Cadillac de Biz paru en 2018 aux éditions Leméac.Tout est histoire de filiation ici. La mort de son grand-père Théodule et la naissance à venir de son fils perturbe Derek. Lui qui aurait dû patiner sur la glace en LNH pour le compte des Red-Wings de Détroit, coule une vie paisible à vendre des caddies dans le West Island. Il décide de quitter ses chums de l'aréna Mont-Royal, sa blonde enceinte et sa concession Cadillac pour une escapade sur les traces de ses ancêtres pour se refaire une santé.
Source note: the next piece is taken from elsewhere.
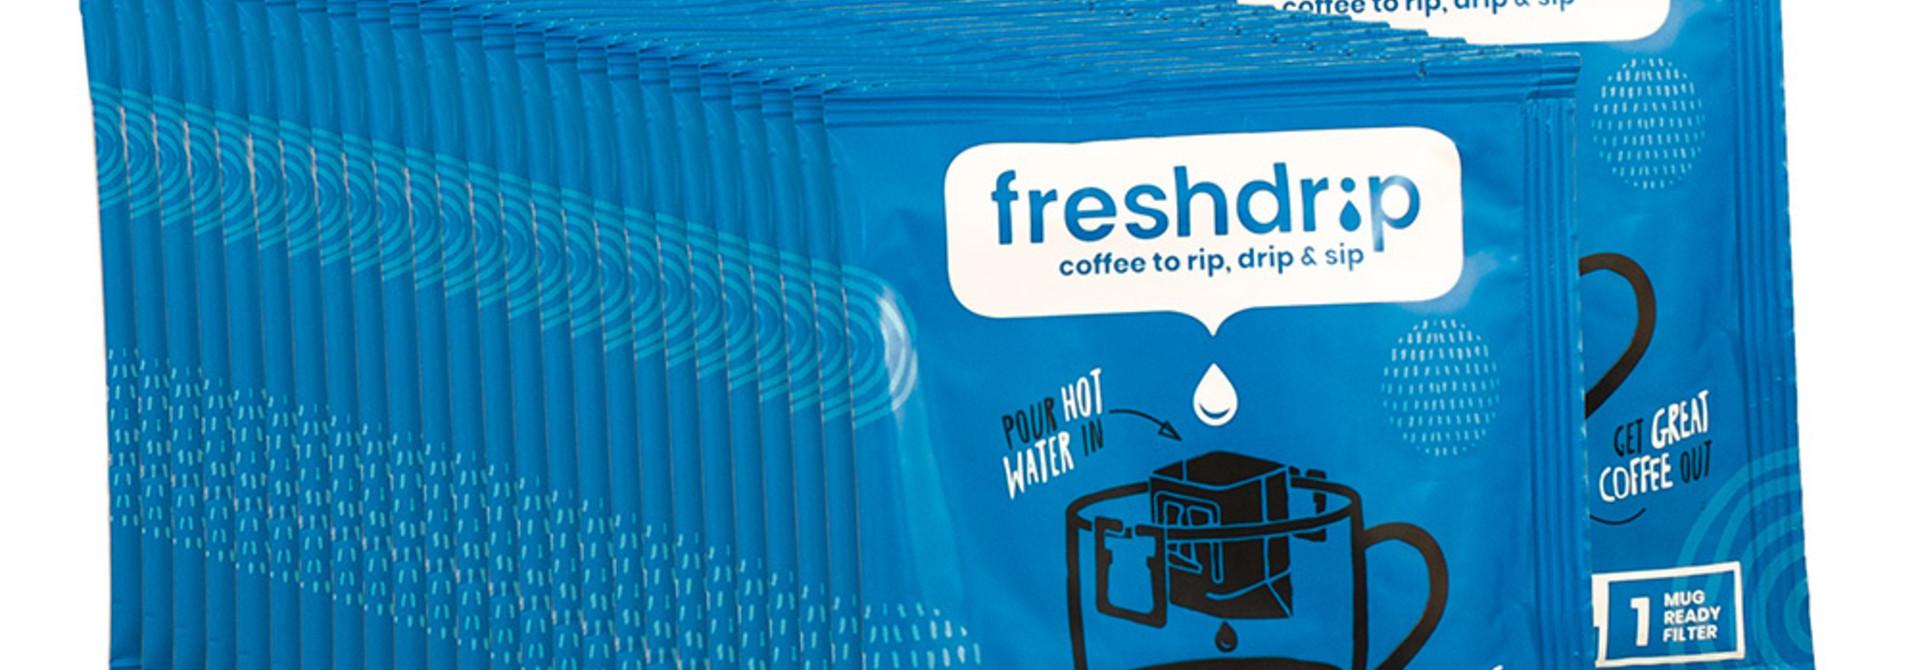 Cafeïnevrij filterkoffie | Ethiopië | 100 Freshdrip super voordeelpak
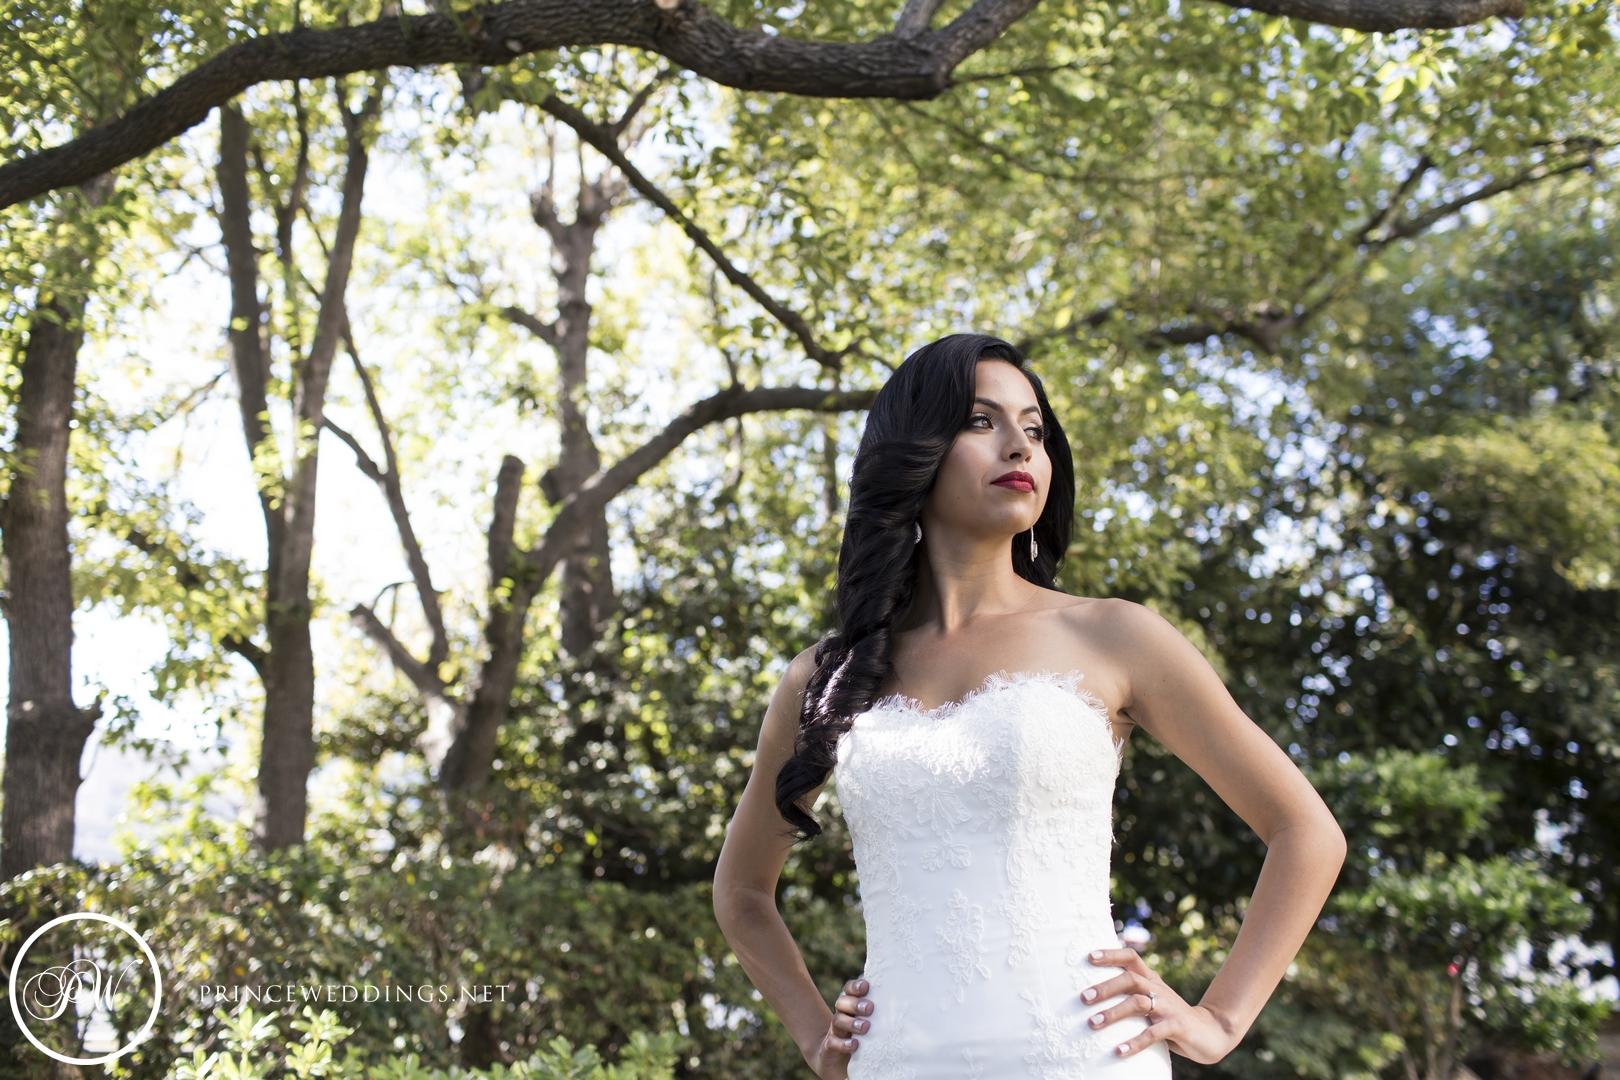 Los Angeles River Center & Gardens Wedding Photos-160.jpg

Il décroche le dernier chandail du fond de sa garde robe, celui des Red Wings avec Lamothe dans le dos et file vers le Paris du Midwest: Détroit. Ce court roman d'à peine cent pages vous donnera certainement l'envie de prolonger le travail de l'auteur. Pour Biz, les québécois.e.s d'aujourd'hui portent en eux/elles, les victoires et les défaites de leurs ascendant.e.s, une identité façonnée par de multiples vécus.
Extrait: «Derek quitte l'île de Montréal dès 6 heures le jeudi matin. À l'inverse du trafic, la circulation est fluide sur la 40 ouest. Go West, young man. Direction le Pays-d'En-haut. Sur une carte, façonné par les lacs Huron et Michigan, l'État du Michigan ressemble à une mitaine gauche, Détroit étant situé sur la partie extérieure de son pouce. À part l'Alaska, C'est le seul endroit où le Canada est au sud des États-Unis. Le bassin des Grands Lacs, c'est littéralement le coeur de l'Amérique. Un réseau artériel irriguant la moitié d'un continent. Avec 18% des réserves mondiales, c'est la plus grande source d'eau douce au monde. De mémoire de Lamothe, la grande-route l'a toujours apaisé. Pendant son hockey junior, il a sillonné tout le Québec en autobus. Il aimait particulièrement les voyages contre les Foreurs de Val-d'or et les Huskies de Rouyn-Noranda. Des nuits entières à traverser l'interminable parc de La Vérendrye.»